Be careful when setting up a DNS server.

Due to corporate office needs, I deployed a DNS server on the LAN. The DNS server address parameters on all clients are set to the IP address of the server. And a new domain called "rtj.net" has been created in the DNS server for enterprise employees to access the internal website.

But after testing, users can access the intranet normally, but there will be problems when accessing websites on the Internet. After modifying the client's DNS server address to the IP address of the public network DNS server, the author can access the website on the Internet, but cannot access the internal website of the enterprise. However, in order to save money, the "rtj.net" domain is not registered on the public network's DNS server. It can only be resolved by the internal DNS server of the enterprise network. Is there a way to achieve the best of both worlds?

Analysis

DNS (Domain Name Server) is a huge distributed database. It provides domain name resolution through domain name server to provide domain name resolution. Domain name server is responsible for converting domain name to IP address. It is impossible to put all the domain name information on the Internet in the same computer. Therefore, the DNS system uses a tree structure to store domain name information of different hierarchical domains in different domain name servers, and the highest layer is the root domain server.

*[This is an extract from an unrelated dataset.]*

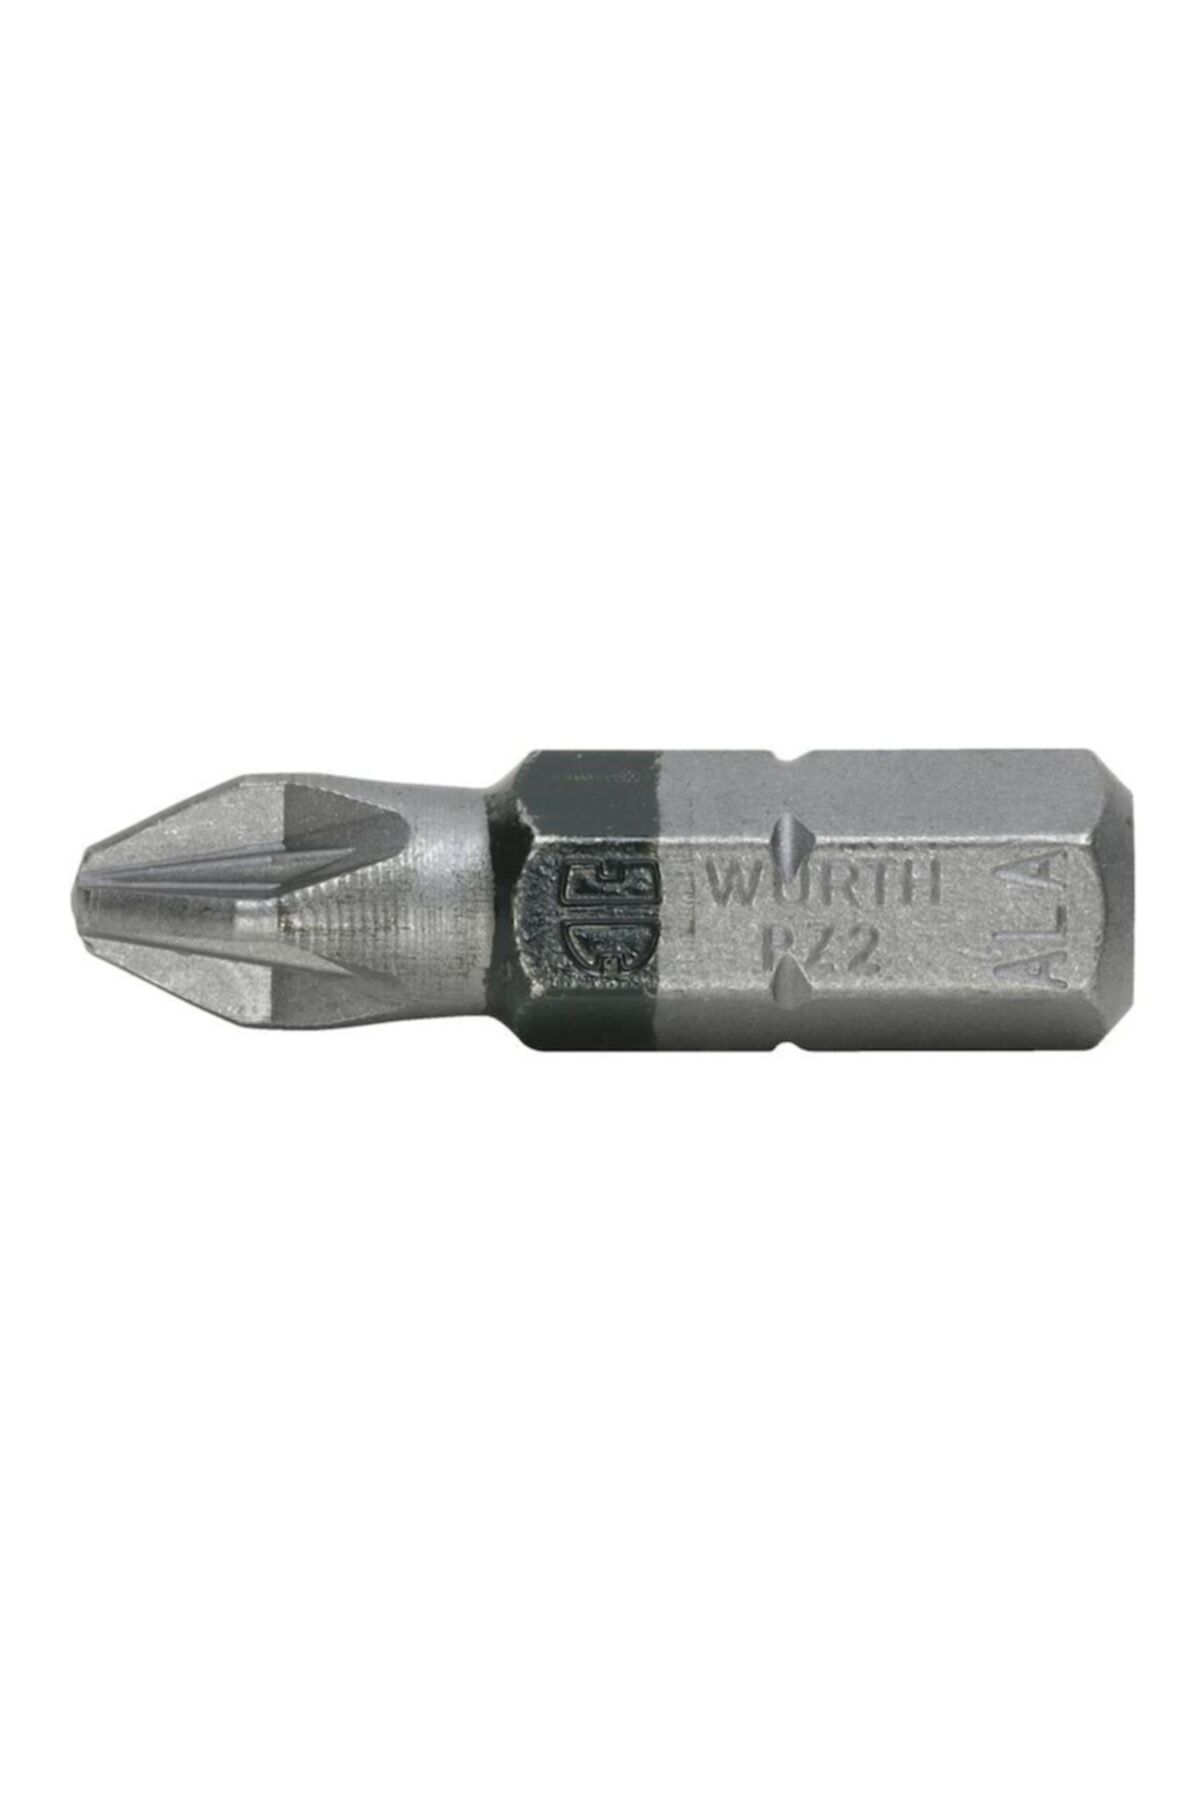 Würth Bits Uç-pz2-1/4ı-25mm

To resolve a domain name named www.fyssz.net, the client first needs to contact the local domain name server. If the domain name information is not found, the local domain name server will send a request to the root domain server. The IP address of www.fyssz.net, the root domain server finds that the domain name does not belong to its own jurisdiction, but belongs to a domain under the net, it will notify the domain name server to contact the domain name server of the net domain to obtain more information. A list of addresses of all net domain name servers sent to the local domain name server. The local domain name server will then continue to send resolution requests to these servers until the domain name server to which the fyssz.net domain belongs is found and the IP address information of www.fyssz.net is returned to the client.

Since the author created the root domain and the net domain in the DNS server on the LAN, when the DNS server receives the domain name that cannot be resolved, it will mistakenly think that it is the root domain server and cannot find the Internet. The real root domain server, so there is a problem with clients not being able to access the website using a domain name.

Solution

First delete the root domain, net domain and rtj.net domain in the DNS server, and then re-create a rtj.net domain, this domain is created to enable the client to Normal access to corporate intranets. At the same time, be aware that in addition to the domains necessary for the internal website of the enterprise, the domain should be created as little as possible to prevent the DNS server from resolving the domain name incorrectly or unable to resolve it.